DELIVERY OF CRISPR COMPONENTS

Researchers at UC Berkeley have developed novel strategies for the delivery of CRISPR gene editing components.

While CRISPR-based gene editing holds great promise for treating genetic diseases, it often involves DNA breaks or base changes that can cause off-target effects, cell damage, or unpredictable outcomes. Additionally, these changes are often permanent and may lead to harmful consequences. Epigenetic editing offers a safer alternative by enabling reversible, long-term regulation of gene expression without altering the DNA sequence itself. This approach also allows for more versatile editing of both DNA and histone epigenetic markers, though achieving efficient and durable delivery remains a key challenge.

Stage of Research

This invention introduces a cutting-edge virus-like particle (VLP) platform designed to deliver precise, reversible epigenetic editing tools directly into cells—offering a safer alternative to traditional gene editing. These VLPs carry a customizable therapeutic cargo that combines a nuclease-deficient CRISPR protein with domains that chemically modify DNA or histones, enabling targeted gene silencing or activation without cutting the DNA. The system is modular and programmable, allowing it to be tailored to a wide range of genetic targets through simple changes to the guide sequence. The VLPs are produced using a scalable method involving transfection of host cells with a defined set of plasmids, ensuring efficient assembly and delivery.
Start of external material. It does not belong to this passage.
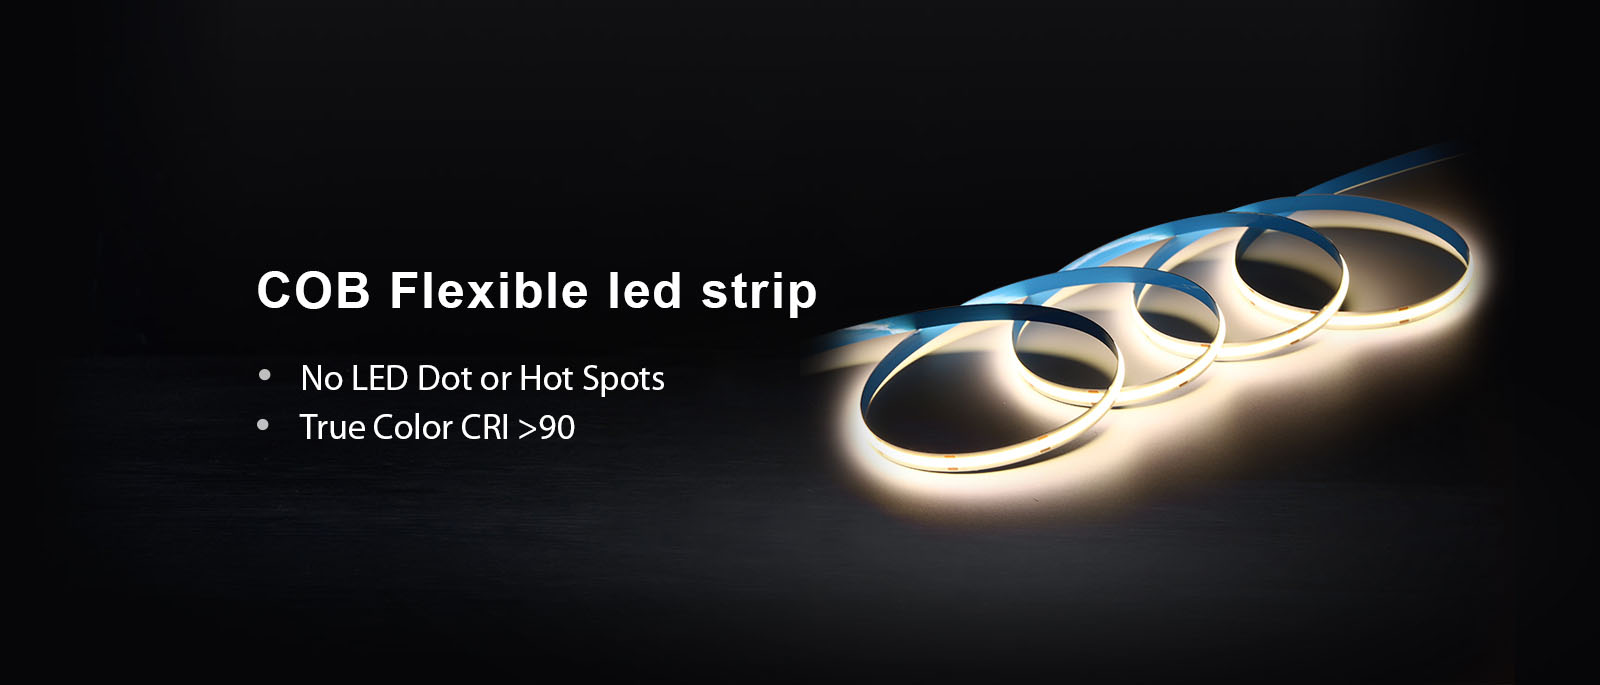 COB Flexible led strip

This technology has the potential to revolutionize gene regulation therapies by enabling highly specific, durable, and non-permanent control of gene expression across diverse disease contexts.

Applications

Targeted Gene Silencing for Disease Treatment: The VLP system can be used to epigenetically silence disease-causing genes in conditions such as cancer, neurological disorders, or autoimmune diseases—offering a precise and reversible therapeutic strategy without permanently altering the genome.
Gene Reactivation in Genetic or Epigenetic Disorders: This technology can activate or restore the expression of beneficial genes that are silenced due to epigenetic modifications, making it valuable for treating conditions like Fragile X syndrome or other imprinting disorders where gene reactivation could restore normal function.

Advantages

Safe and Reversible Gene Regulation: Unlike traditional gene editing that permanently alters DNA, this invention enables epigenetic modifications that are long-lasting yet reversible, reducing the risk of off-target effects and irreversible genetic damage.
Efficient, Non-Integrating Delivery System: The use of virus-like particles (VLPs) allows for efficient delivery of therapeutic cargo into target cells without integrating into the host genome, enhancing safety while maintaining high gene modulation efficacy across multiple cell types.